Proper 17c 2025; 31 Aug.
Luke 14:1, 7-14; Jack Hardaway
SYRUP ALL OVER
Faith is a strange place inhabited by the unlikely and the discarded.
Faith is a visitor with strange manners.
Faith is uncompromising hospitality.
Faith is catholic.
Catholic like in the Creeds, the Apostles and Nicene creeds, the holy catholic church.
Not Roman Catholic, not big C or little c.
Universal. That kind of Catholic.
The Church belongs to everyone kind of Catholic.
It is silly the somersaults we go through to make catholic mean something else, making universal mean something that isn’t universal.
Jesus is at another dinner party today.
A leading Pharisee’s home, on the Sabbath, for a meal with other guests.
What could possibly go wrong?
I have nightmares about Jesus coming to dinner at my house.
Everybody on edge.
Everybody watching each other, waiting to mess up.
And then the story gets put into the Bible for all of history to appreciate…
So Jesus mocks his host and his fellow guests.
He makes a parody of the event.
At first he gives some conventional advice straight from the Books of Proverbs about how to avoid shame and embarrassment and win honor, to fake humility in order to become more important. To get attention by avoiding attention. Playing the society game.
But then the mood changes and an ominous note is introduced to the social banter, he says that all who exalt themselves will be humbled and those who humble themselves will be exalted. Suddenly the shallow social game becomes about final things, ultimate meaning, purpose, and God’s wrath.
And then he turns on his host for inviting the wrong people, his hospitality is wasted on gathering the important, the fun and the useful. Rather invite the poor, the crippled, the lame and the blind.
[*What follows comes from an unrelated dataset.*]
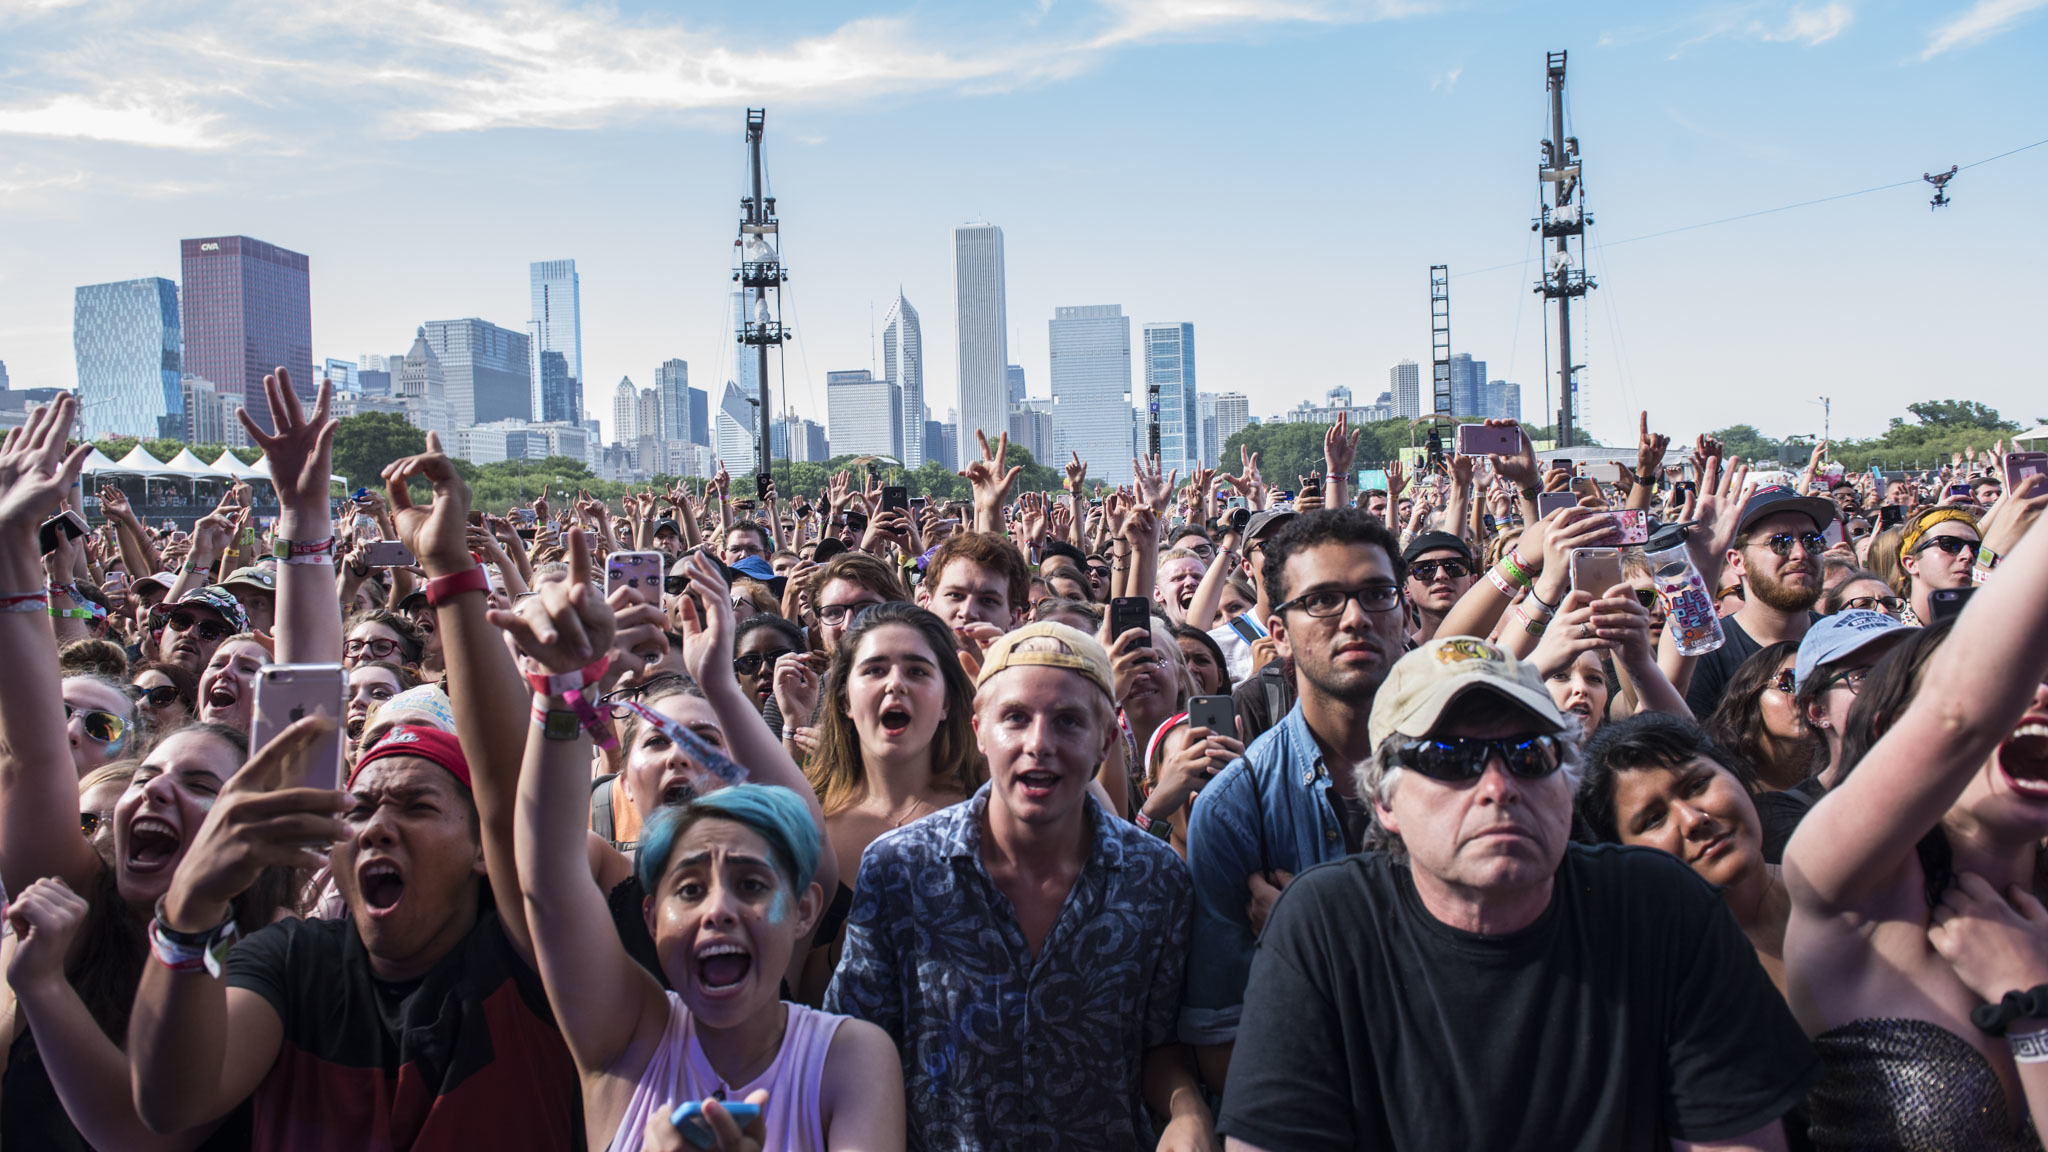 Unvaccinated People Who Went To Lolla Should Get Tested For COVID — But So  Should Anyone Who Thinks They're Sick, Chicago's Doc Says

It is a vision of God’s banquet, that is especially for those who are left out, who are difficult, unpleasant. It is a vision of a party that makes a parody of the event. It is a vision of the consequences of the resurrection and the reversal of fortune between the fortunate and the unfortunate, the doorway of invitation, being open to some but not others.
It is a catholic moment, where the strangeness of faith and the otherness of God unsettles us.
To Kill a Mockingbird, by Harper Lee, is one of those stories that is always coming back to me, haunting me with humor, beauty and horror.
One scene in particular has been coming back to me lately, Jem invites Walter Cunningham, who is extremely poor, malnourished, stunted, to dinner, which is lunch, and at the dinner table Walter asks for molasses.
Calpurnia brought the syrup pitcher and Walter poured syrup all over his vegetables and meat with a generous hand, and he probably would have poured it in his milk glass if Scout hadn’t asked what in Sam Hill was he doing.
Calpurnia then requested Scout’s presence in the kitchen, where he scolded Scout and in her fury she told Scout, “That boys yo’ company and if he wants to eat up the table cloth you let him, you hear?”
Now that is Catholic.
Calpurnia is the example of what it means to be truly catholic, to practice uncompromising hospitality with fury and passion.
This is a vision of the Universe that is contrary to how many perceive, counter to how many live. It is a vision that judges how we live, table cloths and all.
Who do I invite?
Do I play the game of shame and honor?
Or does resurrection have consequence to my thoughts and actions and words?
Faith is strange.
Faith is a strange place inhabited by the unlikely and the discarded.
Faith is a visitor with strange manors.
Faith is uncompromising hospitality, furious and passionate.
Holy and catholic.
Jesus is the strangeness of God pouring syrup all over our dinner and in the milk glass and the table cloth. What in Sam Hill?